Following table shows adjusted R squared of height prediction models. "QC" refers to quality control in Step 4.

Compared to baseline model, higher R squared with PRS included implies PRS explains part of the variation of height in the target data-set. Higher R squared is observed without performing quality control for the summary statistics, as we already expected and discussed after seeing the results in Step 4. 

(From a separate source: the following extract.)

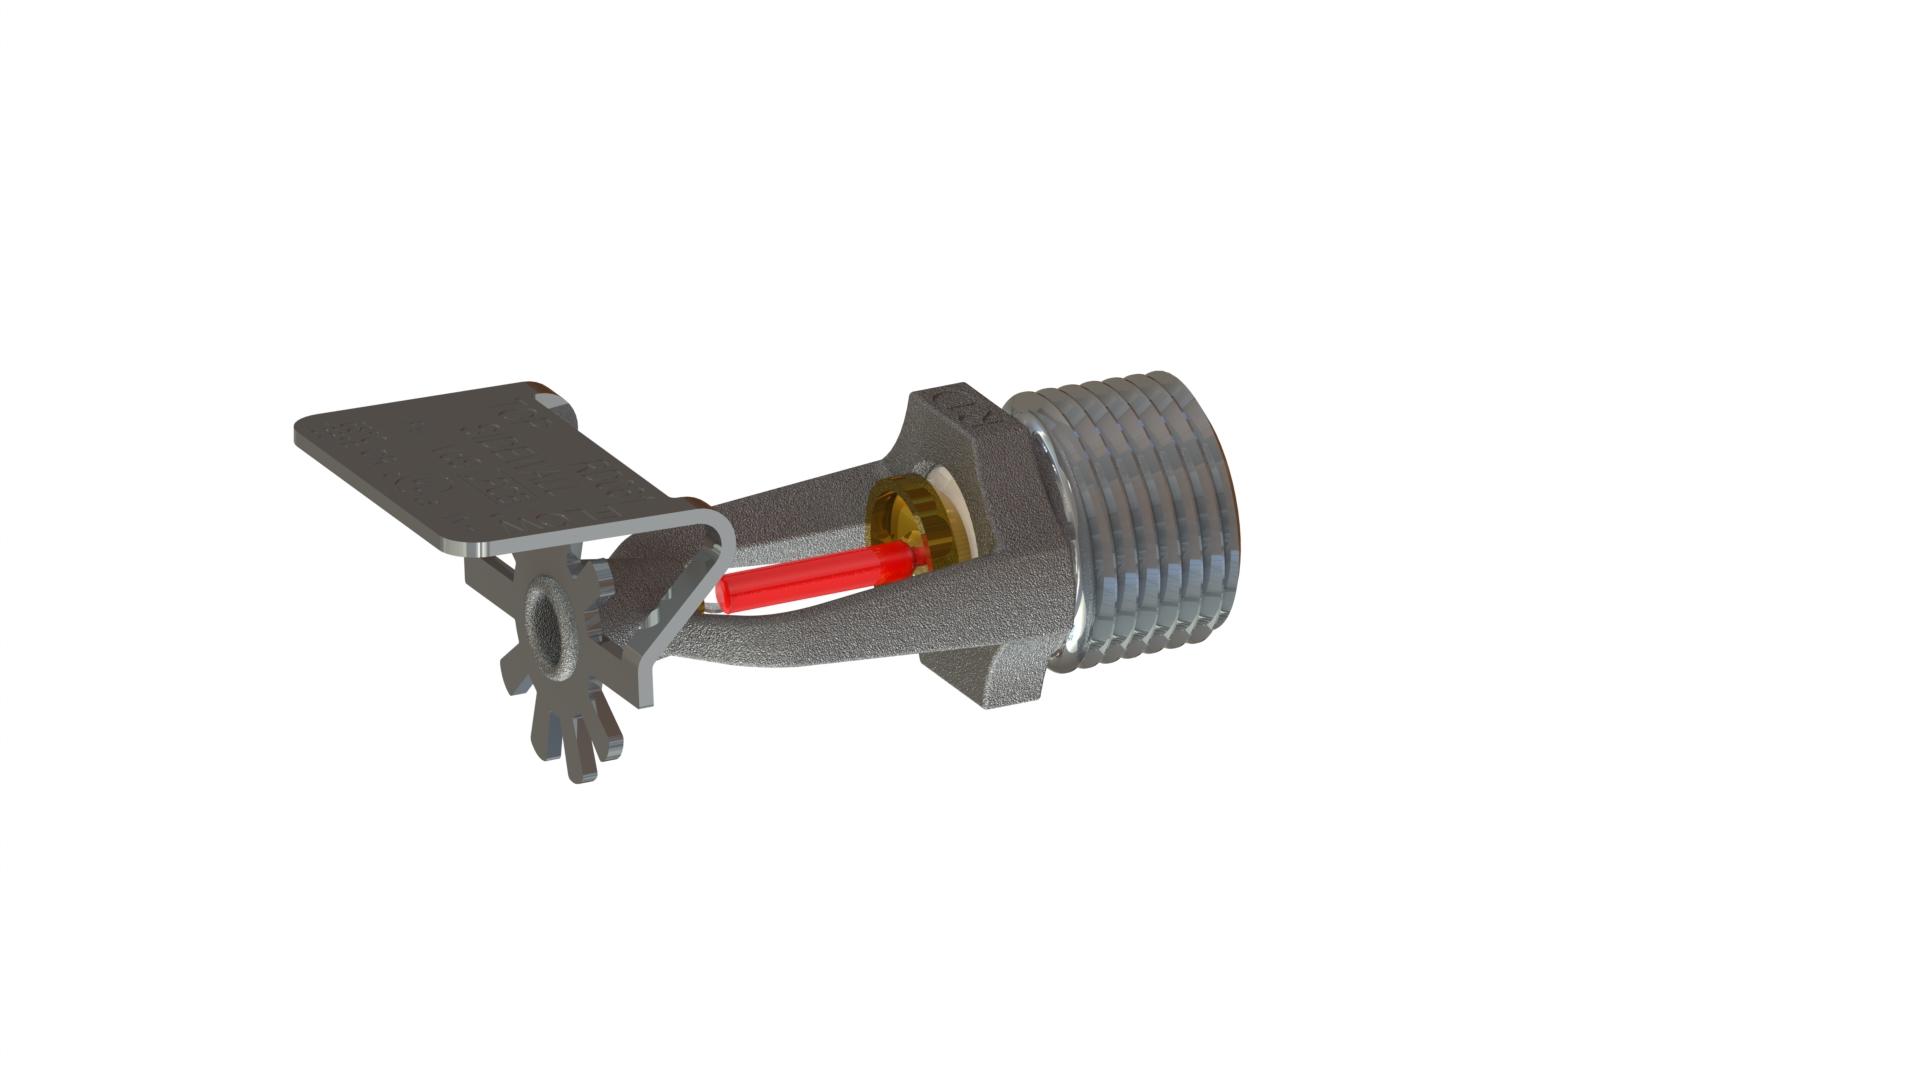 Rapidrop British Manufacturer Supplier Of Fire Sprinklers Fire

| QC? |   # of SNPs  |   Baseline R2 |   Inf R2  |   Grid R2 |   Auto R2 |
|:---:|:------------:|:-------:|:-------:|:-------:|:-------:|
| Yes | 104,564 | 0.2296 | 0.3581 | -  | - |
|  No | 109,963 | 0.2296 | 0.3619 |    -  |    -   |

## Homework

Please complete the runs with `grid` and `auto` model and complete the table above. **Computation with these models are intensive and long-running; it is suggested that the analysis be performed in a powerful computing environment**.